7. The anomalies created by the Court of Appeals' decision further suggest that Congress must have intended only the penalties specified in § 924 (a) to apply to violations of § 922 (h). For example, a person who received a firearm while under indictment for murder would be subject to five years' imprisonment, since only § 922 (h) includes those under indictment for a felony. 18 U. S. C. § 922 (h)(1). If he received the firearm after his conviction, however, the term of imprisonment could not exceed two years. Similarly, because § 922 (h) alone proscribes receipt of ammunition, a felon who obtained a single bullet could receive a 5-year sentence, while receipt of a firearm would be punishable by no more than two years' imprisonment under § 1202 (a). In addition, the Court of Appeals' analysis leaves uncertain the result that would obtain if a sentencing judge wished to impose a maximum prison sentence and a maximum fine for conduct violative of both Titles. The doctrine of lenity would suggest that the $5,000 maximum of § 924 (a) and the 2-year maximum of § 1202 (a) would apply. However, if the doctrine of implied repeal controls, arguably the $10,000 fine authorized by § 1202 (a) could be imposed for a violation of § 922 (h). See infra, at 122.

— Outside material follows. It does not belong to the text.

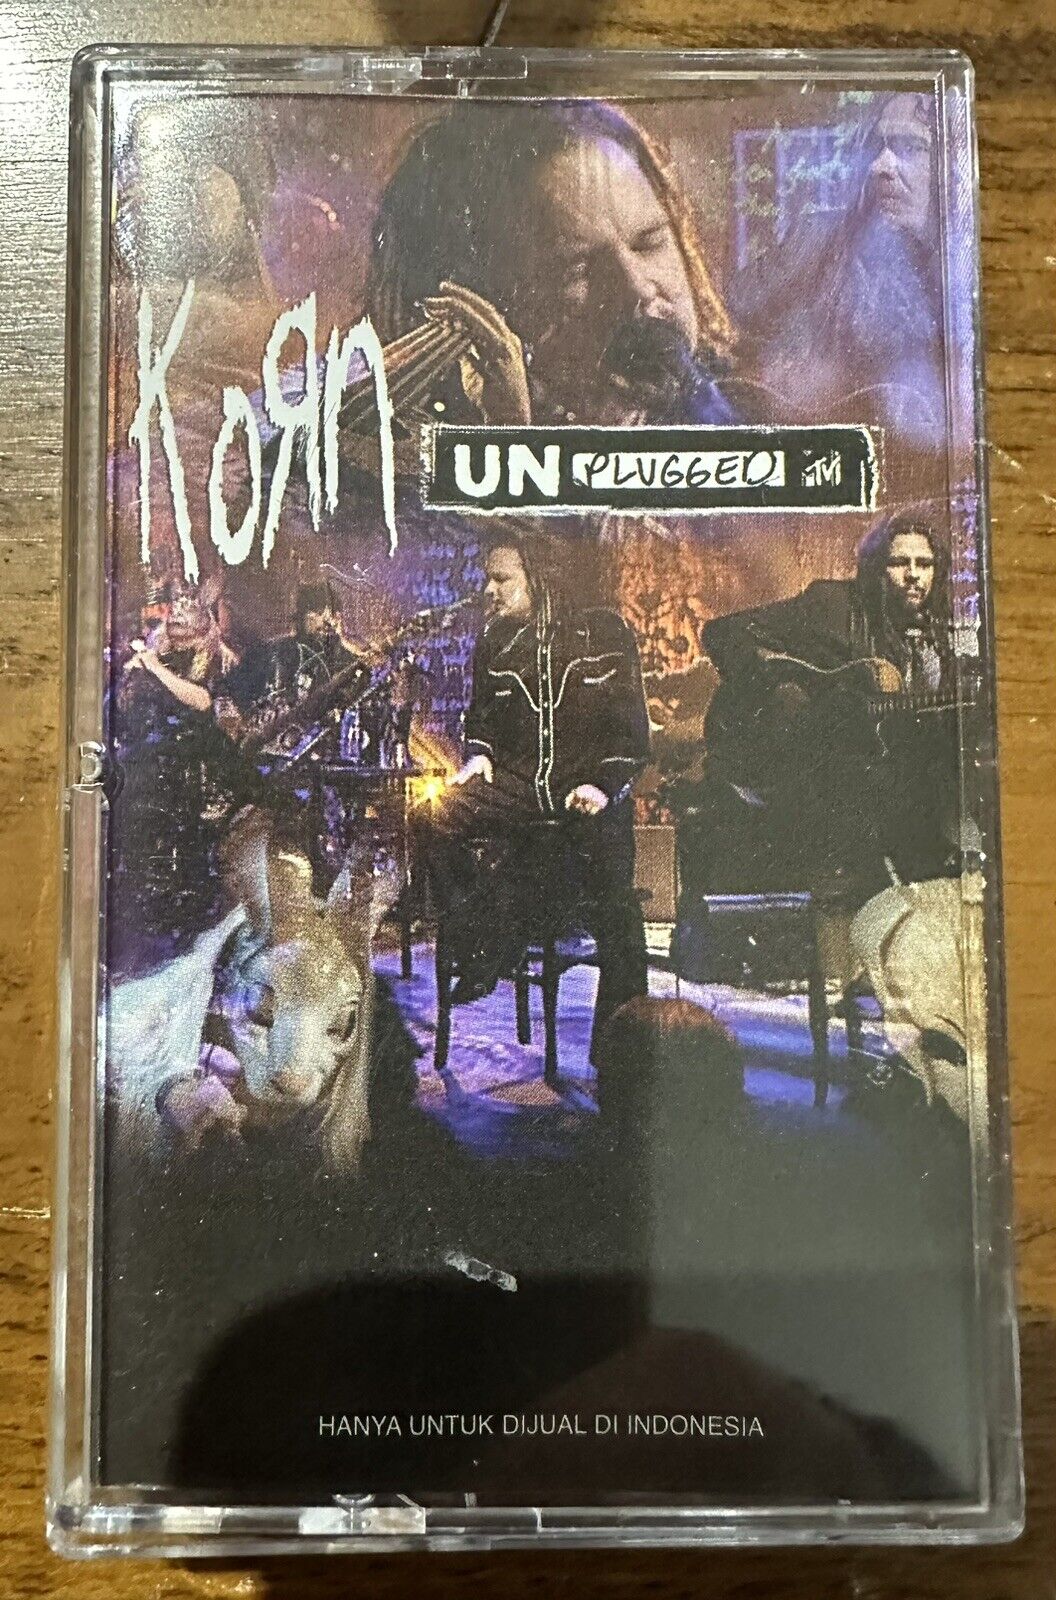 KORN MTV Unplugged 2007
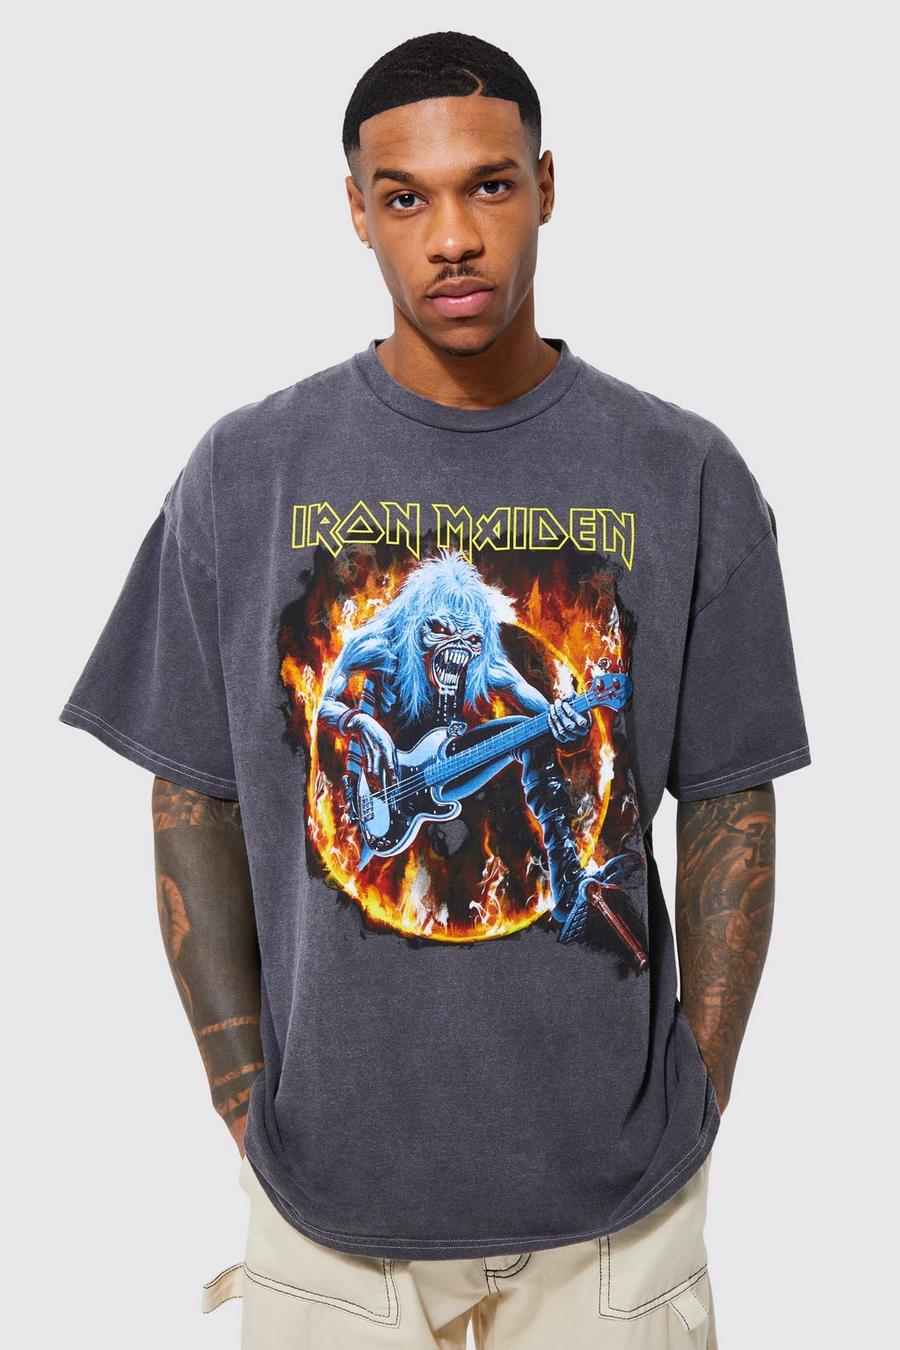 Charcoal grey Oversized Iron Maiden Overdye License T-shirt

8. Berra involved two tax evasion statutes, which the Court interpreted as proscribing identical conduct. The defendant, who was charged and convicted under the felony provision, argued that the jury should have been instructed on the misdemeanor offense as well. The Court rejected this contention and refused to consider whether the defendant's sentence was invalid because in excess of the maximum authorized by the misdemeanor statute. The dissent urged that permitting the prosecutor to control whether a particular act would be punished as a misdemeanor or a felony raised "serious constitutional questions." 351 U.S., at 139-140.

9. The Equal Protection Clause prohibits selective enforcement "based upon an unjustifiable standard such as race, religion, or other arbitrary classification." Oyler v. Boles, 368 U.S. 448, 456 (1962). Respondent does not allege that his prosecution was motivated by improper considerations.